* [Provided material]:
——————
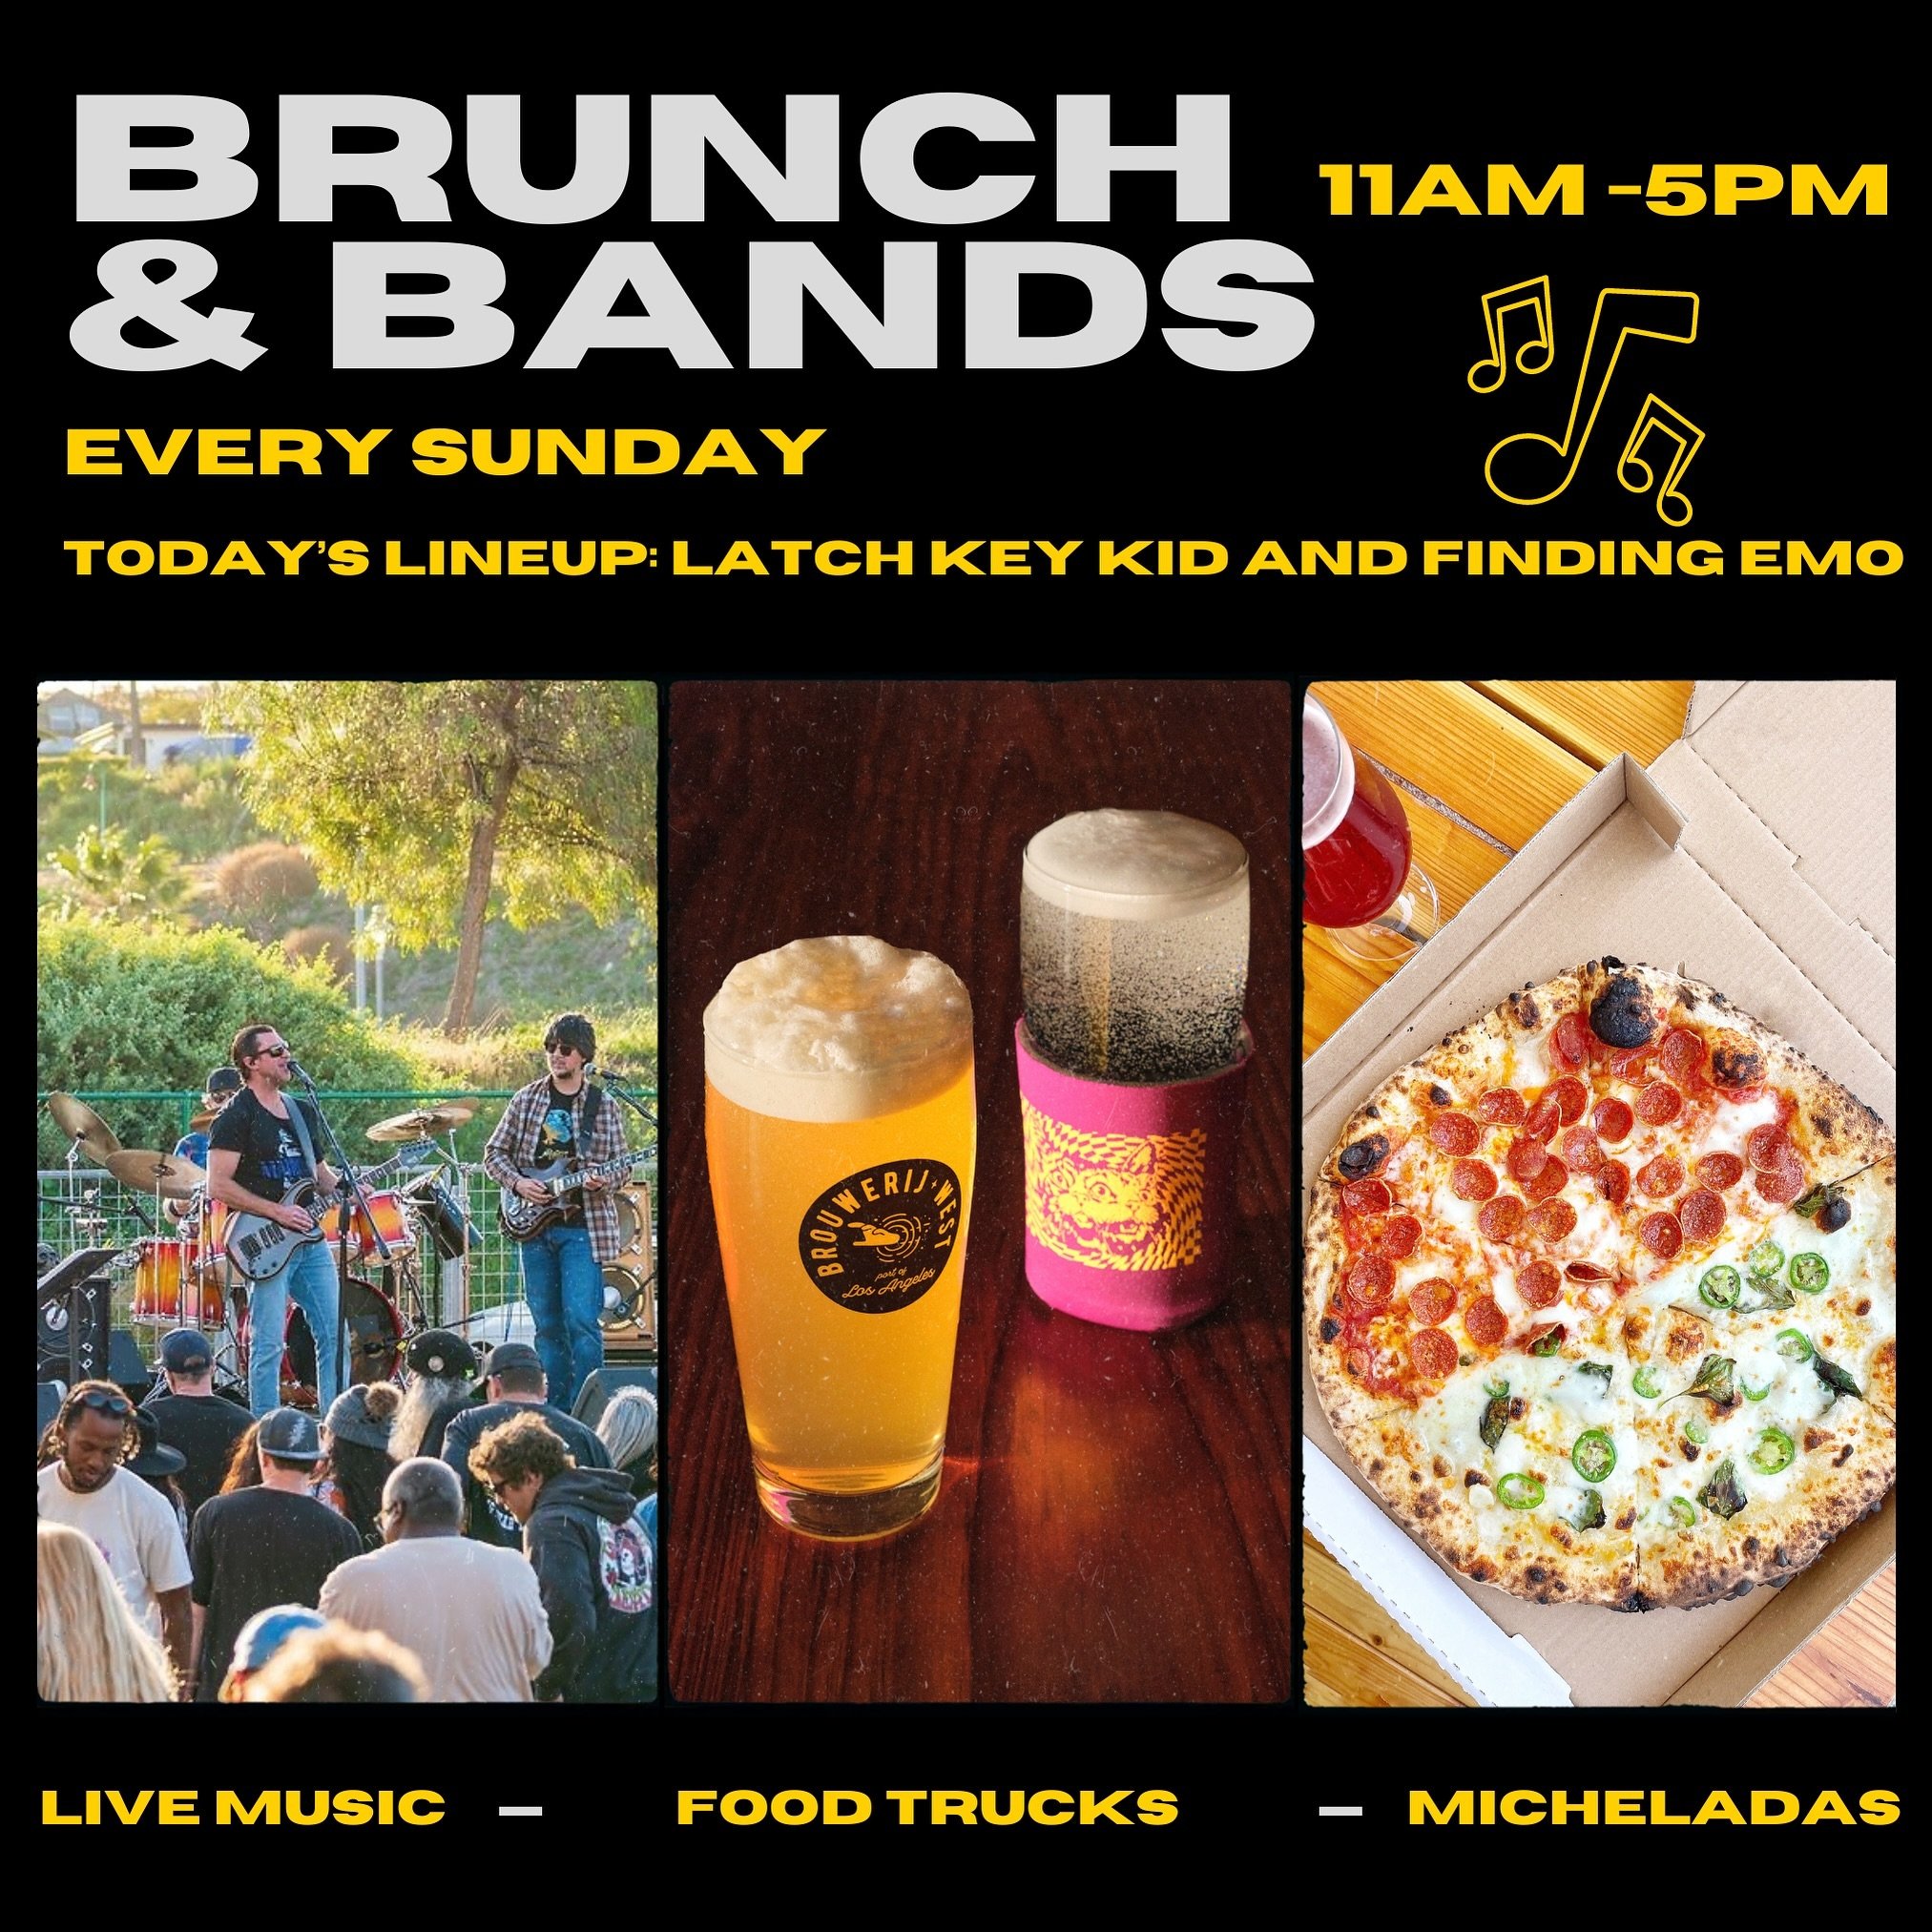 It&rsquo;s been a wild weekend 💃 🪩 🕺 thanks so much to everyone that joined us for La Bota and Retro Festival! 

The fun doesn&rsquo;t stop 🎶 Today&rsquo;s Brunch &amp; Bands is heatin&rsquo; up with FREE, LIVE MUSIC - ALL DAY! We have some fun b
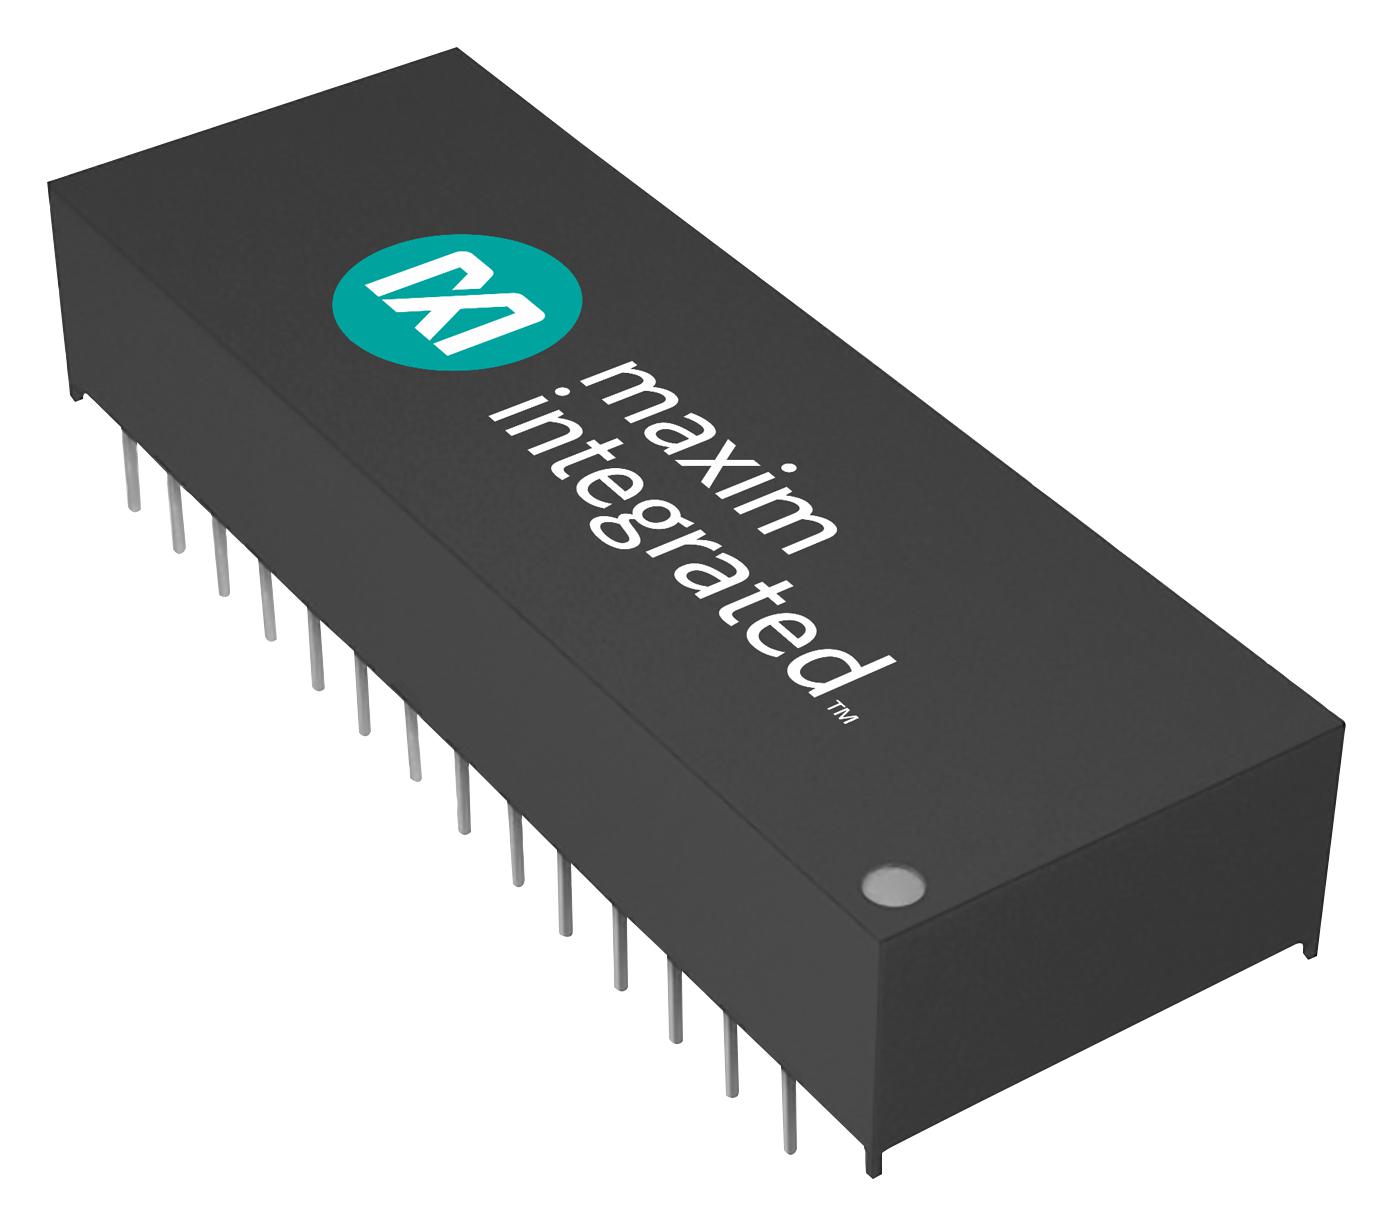 DS1230Y-200IND+ NON-VOLATILE SRAM, 256KBIT, 200NS, EDIP MAXIM INTEGRATED / ANALOG DEVICES
——————
From the line that contains "The fun doesn&rsquo;t" to the last line of the data, print each line exactly, both ends included, and omit the pictures.

The fun doesn&rsquo;t stop 🎶 Today&rsquo;s Brunch &amp; Bands is heatin&rsquo; up with FREE, LIVE MUSIC - ALL DAY! We have some fun b
 DS1230Y-200IND+ NON-VOLATILE SRAM, 256KBIT, 200NS, EDIP MAXIM INTEGRATED / ANALOG DEVICES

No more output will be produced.